1. Introduce the MQ

Reference: Introduction of MQ message queues and their advantages and disadvantages

Advantages:

  • Decoupling: reduce system coupling
  • Asynchronous: Accelerates system response
  • Peak clipping: Reduce the instantaneous pressure of the system

1.1 Points to consider when introducing MQ

  • MQ needs to solve the following problems:(See section 2 how Kafka designs to ensure the following points)
    • High performance of MQ
    • High availability of MQ
    • MQ message reliability
  • Problems to be solved in production and consumption systems:(See section 3)
    • Message loss
    • Repeat purchases
    • Message ordering

2. How is Kafka designed to address the above points of MQ

2.1 AKF theory

The basic principle of distributed AKF resolution is to improve the availability and performance of the system from three dimensions, and solve the single point of failure and performance bottleneck of the system:

  • X:Solve single point problems and ensure high availability
    • Mysql primary/secondary mechanism
    • Stateless microservice clusters scale horizontally
  • Y:Split services to reduce module complexity
    • The system service business is divided into user system, order system and message system.
    • The user database stores user information, the order database stores user order information, and the message database stores user messages.
  • The z axis:shard
    • The system is divided by region, such as the zones of the game
    • Mysql is split according to user ID, and different users are stored in different user libraries. (If the data cannot be stored according to service splitting, the data needs to be split.

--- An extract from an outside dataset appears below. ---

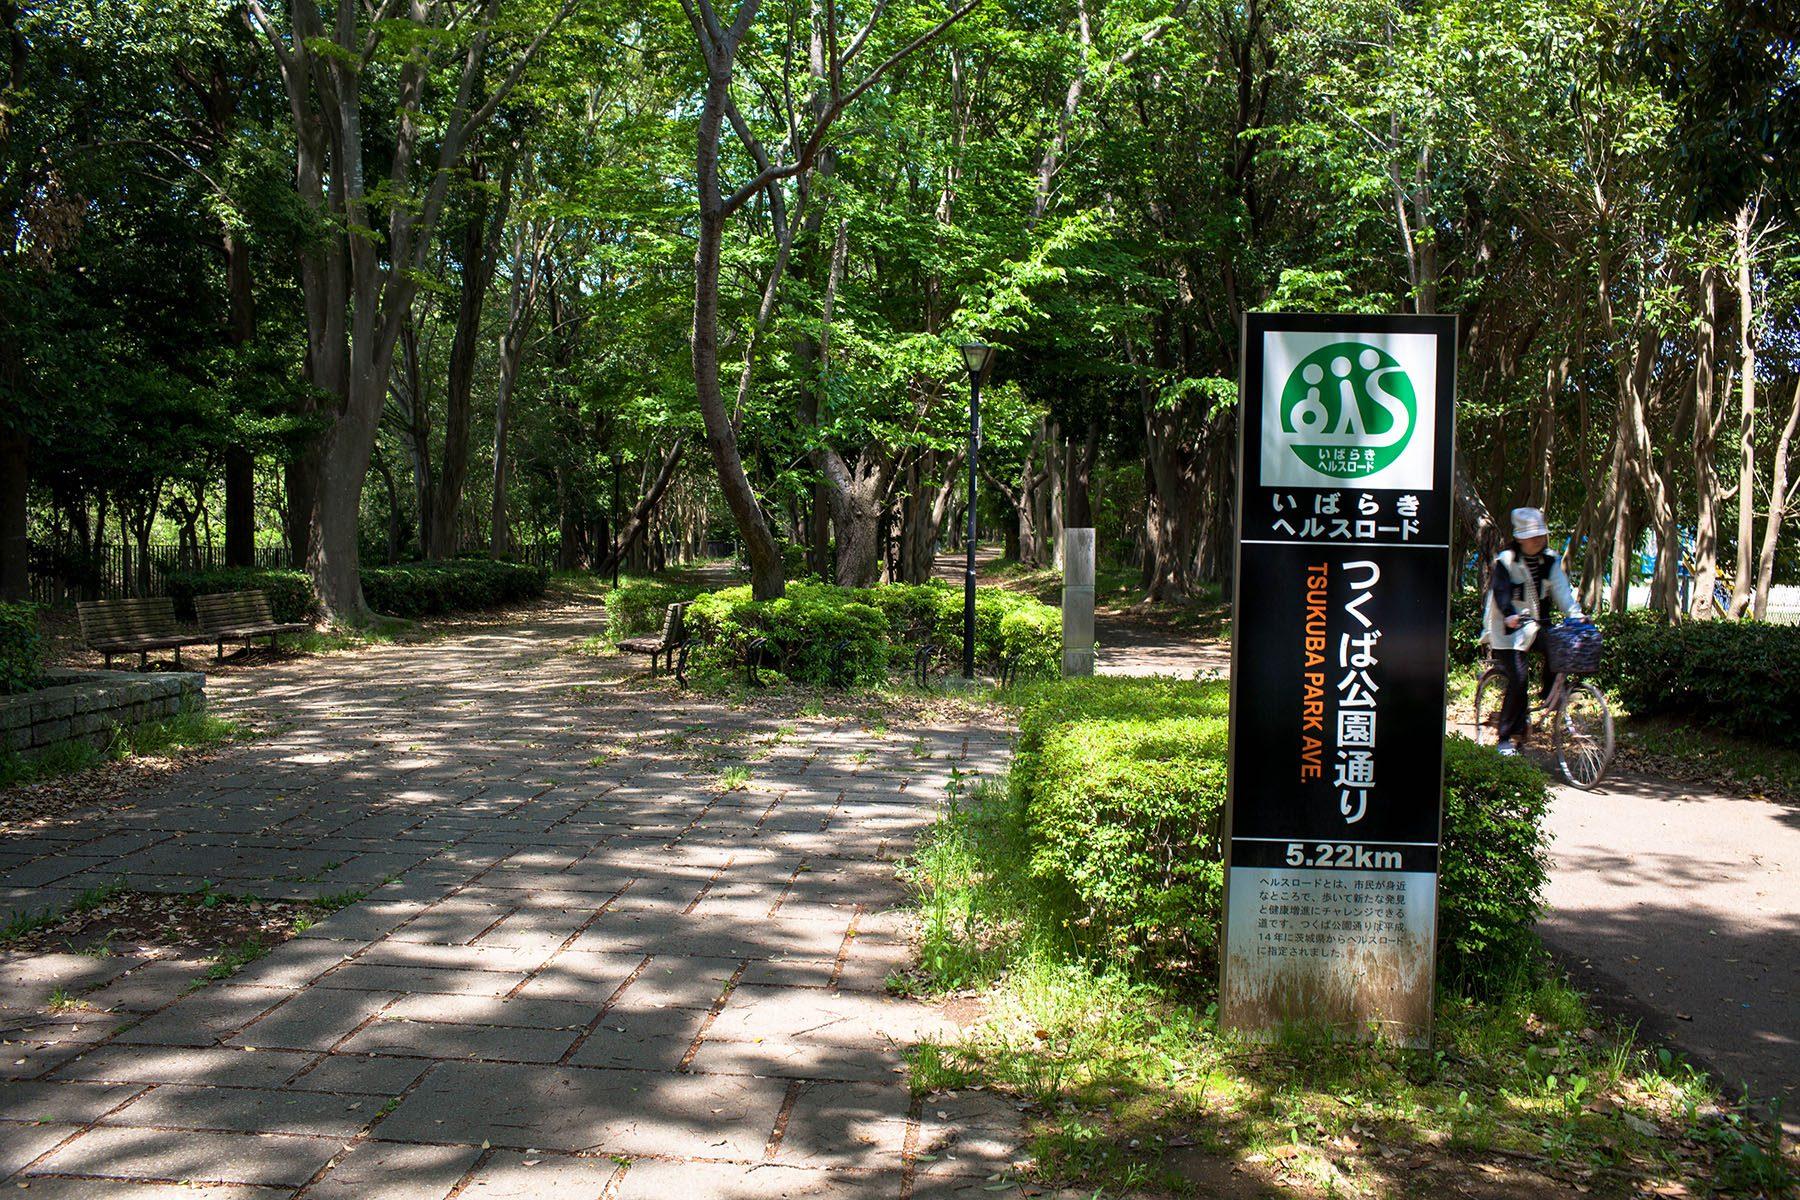 いばらきヘルスロードに選ばれている「つくば公園通り」赤塚公園〜松見公園まで5.22km。
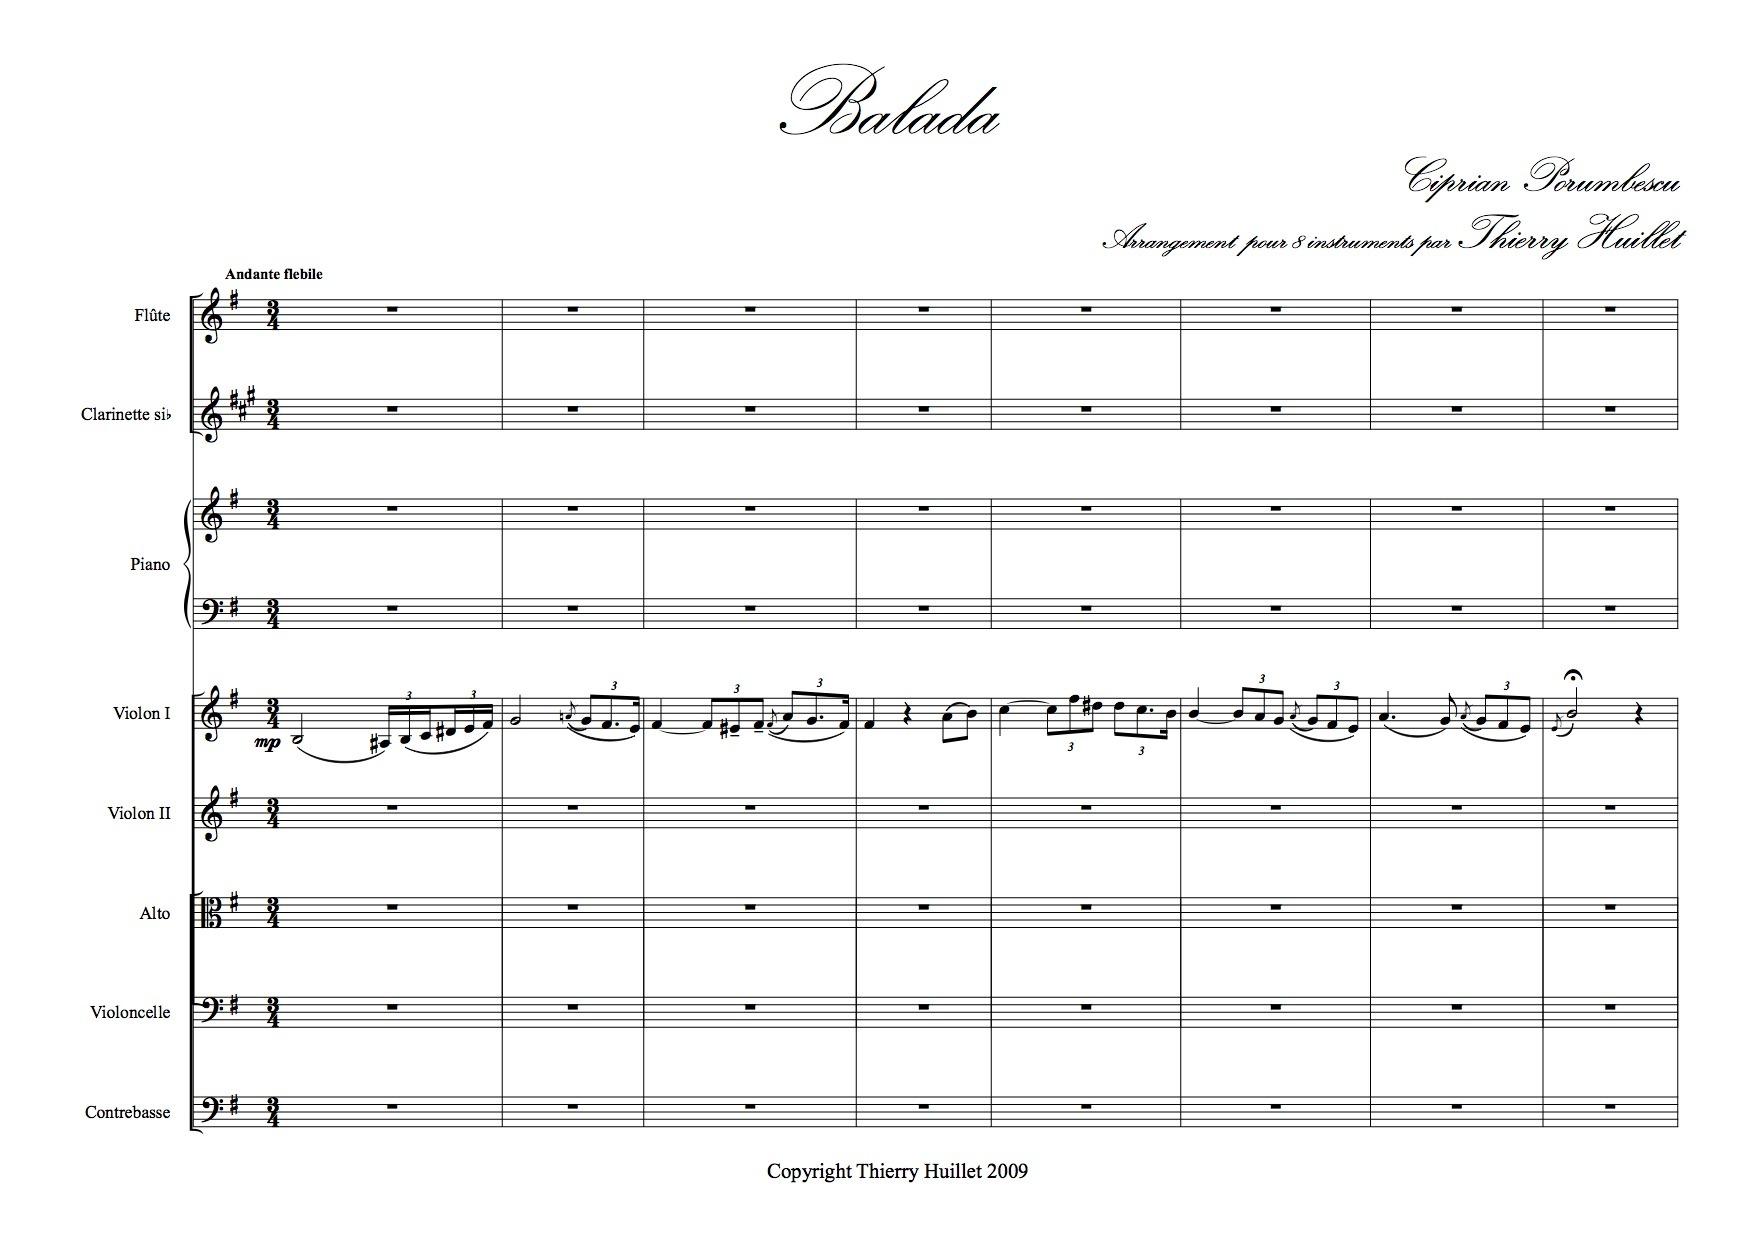 Thierryhuillet Balada8instruments Scoreparts2

For example, if there are too many users, the performance and capacity of the user database are insufficient, the users need to be fragmented.)

2.2 kafka designed

2.2.1 Kafka high performance design

  • Kafka supports cluster deployment
  • Kafka supports topics, (Y-axis split) Different business data can be written to different topics, i.e. split by business, different business data into different topics
  • Kafka supports multiple partitions per topic, and data can be fragmented into different partitions.

2.2.2 Kafka high availability design

  • Kafka supports cluster deployment
  • The Kafka node supports the leader and follower roles. (X-axis split) When the leader fails, all followers are notified to elect a new leader (since the leader is elected, ZooKeeper coordinates the distribution).
  • Kafka’s topic partitions support duplicates (X-axis split). Kafka ensures data consistency between primary and secondary partitions. Data can be read and written only on the primary partition.

2.2.3 Reliability design of Kafka messages

  • Kafka Partiton data is written to disk for storage
  • Kafka partitions support duplicates. Each partition can have multiple duplicates.

3. Problems to be solved in production and consumption systems

  • Message loss
  • Repeat purchases
  • Message ordering

3.1 the production end

3.2 the consumer end

  • Sequential processing on the consumer side is guaranteed only if the production side writes to MQ in order and the same type of data (like a user) is written to the same partition. Otherwise the order is not guaranteed because the message order is out of order before it is consumed by the consumer side.

Suppose that after the MQ read to the message, the service performs three steps:

  • Querying Redis takes 20ms
  • Writing DB data takes 20ms
  • Commit offset, 20ms

3.2.1 Submit single line at the same time

  • A single thread takes 60ms because it is synchronized
  • Offset is submitted first, but subsequent operations fail, resulting in message loss
  • Finally, the offset is submitted. The previous operation is complete. The offset fails, causing repeated consumption of the message
  • Sequential consumption of messages within a partition is guaranteed
  • Single thread, sequential, single processing, offset is increasing, regardless of db, offset frequency, the cost is a bit high, CPU, network card, resource waste

3.2.2 Multi-threaded synchronous submission

3.2.3 Asynchronous Submission

  • In asynchronous commits, the commit thread and the message processing thread are independent, and the commit thread commits the offset at fixed intervals. Repeated data consumption and data loss may occur. This method is not recommended, so detailed analysis is not made
    • Reread consumption: when the message is successfully processed and not committed, the program crashes resulting in no offset and no commit
    • Message lost: Offset has been committed, but the message has not been processed, and the program crashes.